IX. Девятое моё занятие, казалось бы, отличается от предыдущих — это астрономия, наука о Небе, коим я интересовался самым серьёзным образом ещё в юности, и первые мои научные публикации были не биологические, а астрономические, и эту науку, как ты знаешь, я не оставлял никогда. Умение мастерить — слесарничать, столярничать, токарничать и прочее в ипостаси не включаю, ибо считаю, что это должен уметь каждый, и без этого не будет ничего остального.
X. А вот ипостась десятая родилась изо всех вышеназванных, и более всего она относится к физике, ибо живая Природа дала мне ключик к познанию таких неведомейших тайн Мироздания, что я долго не мог в это поверить; они лежат на стыке основных компонент этого Мироздания, а именно Материи, Пространства, Времени, и таких их производных, как гравитация (притяжение) и Жизнь; об этом будет рассказано в должном месте.
XI. Мистическими же делишками я не занимался, убедившись на многочисленных опытах в том, что это есть мракобесие, рассчитанное на тёмные толпы. Псевдовосточные, то есть якобы индийские, или тибетские, самоуглубления, самоусовершенствования и прочие самонастрои, проповедуемые ныне в России многими свихнувшимися, или корыстными жуликами, я полностью отвергаю как проявления некоего высшего эгоизма; в последнее время я был вынужден отказывать сказанным мракобесам в посещении своего музея и в беседах, а наиболее ретивых приходилось гнать в три шеи с их ослиными шамбалистскими йоговскими книжонками и пустобайной заумью, ибо я, наоборот, проповедую любовь не к себе, а к другим, и призываю не к безделью, именуемому ими праной или нирваной, а к усерднейшему производительному труду, каковой труд наиактивнейше очищает душу от сказанной и всякой иной дури.
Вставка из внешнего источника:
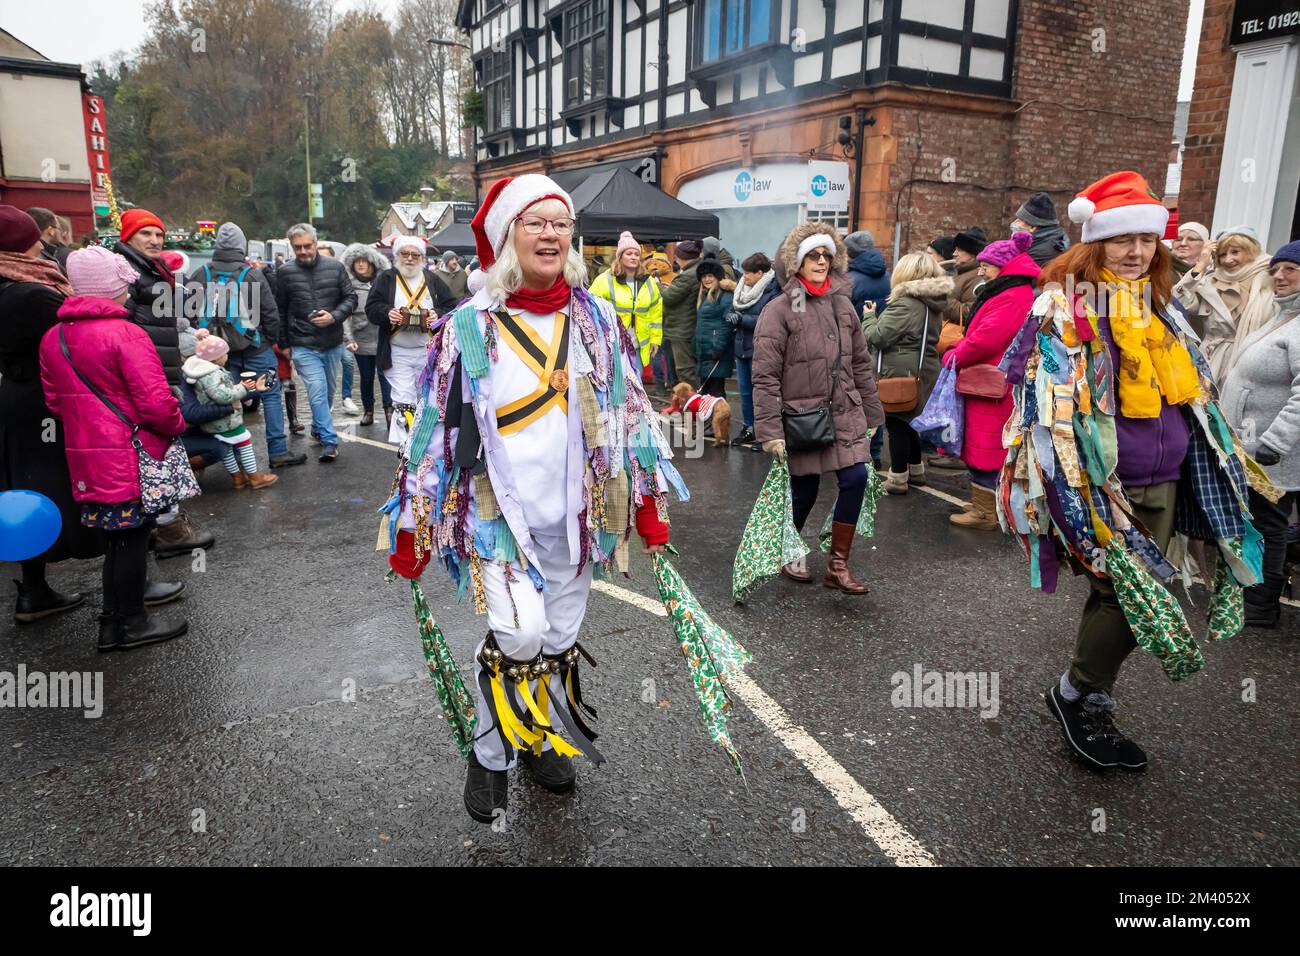 Des danseuses Morris se produisent dans la rue pendant le Grand Parade au Lymm Dickensian Christmas Festival Banque D'Images

X.U. Но я опять нарушил хронологию повествования, а потому закончим мой краткий, но уже явно наскучивший читателю перечень моих воплощений, и продолжим путешествие в давно ушедшее прошлое, когда меня, тринадцатилетнего, везут поездом из сурового казахстано-сибирского края в далёкий и неведомый Ташкент, о чём я непременно напишу тебе, мой дорогой внук, и вам, уважаемые читатели, завтра же, в четверг — 1 июля 1993 года.
Письмо тридцать восьмое:
ЛАГЕРНЫЙ ЗОВ
I. Планировал написать тебе сегодня о давнем пути в Ташкент, но снова привиделось мне страшное кошмарное видение, приходящее ночами регулярно, раза два-три в месяц. Будто явились за мною некие в штатском, вынули бумагу, в коей написано, что мол такой-то сякой-то имеет задолженность по лагерной отсидке в четырнадцать лет (ты знаешь, что в сорок седьмом мне давали двадцать, из коих я отсидел шесть, освобожден же по амнистии в пятьдесят третьем по случаю издыхания этого величайшего деспота Сталина, со снятием судимости), и сказанный остаток срока мне надлежит отбыть снова в лагере в связи с тем, что хрущёвская амнистия пятьдесят третьего года некоими новыми властителями отменена как коммунистическая, а стало быть нарушающая демократическую законность; я немедленно должен собраться с вещами и в сопровождении этих двоих следовать для отправки этапом на пересыльные пункты. Зная, что этих, которые за мною пришли, ни в чём мне не убедить, поскольку они — халуйствующие подонки и держиморды, я тем не менее прошу их, умоляю, убеждаю: вот мол у меня остаются недописанные книги, незавершённая сферорама, экологическая школа, музей, любимый внук, которого хотя бы годик дали ещё повоспитывать, — но нет, эти скоты и сатрапы в пиджаках молчат, лишь позвякивает что-то железное в кармане, куда один из них опустил руку — то ли наручники для меня, то ли курок пистолета. Четырнадцать лет — а мне шестьдесят шесть; я считаю в уме, выйду ли живым; нет, не получается, ибо там, в лагерях, тюрьмах, этапах, на пересылках нужно дожить как минимум до восьмидесяти, в то время как мне, с моим ущербным здоровьем, остались лишь какие-то считанные годы или даже месяцы, а значит, умру я за колючей проволокой. Но режим неумолим, закон есть закон; вон и в повестке той обозначено всё четко — и всякие мои данные, и номер дела, и срок, и статья: Указ Президиума Верховного Совета СССР от четвёртого шестого тысяча девятьсот сорок седьмого, статья вторая, часть вторая, — 20 лет лишения свободы плюс пять лет поражения в гражданских правах… Всё верно, и надо идти: ведь наш брат зэка были выпущены тогда, конечно же, не из сострадания, но для коммунистической пропаганды, а теперь с социализмом покончено, и всё нужно ставить на некие свои законные места.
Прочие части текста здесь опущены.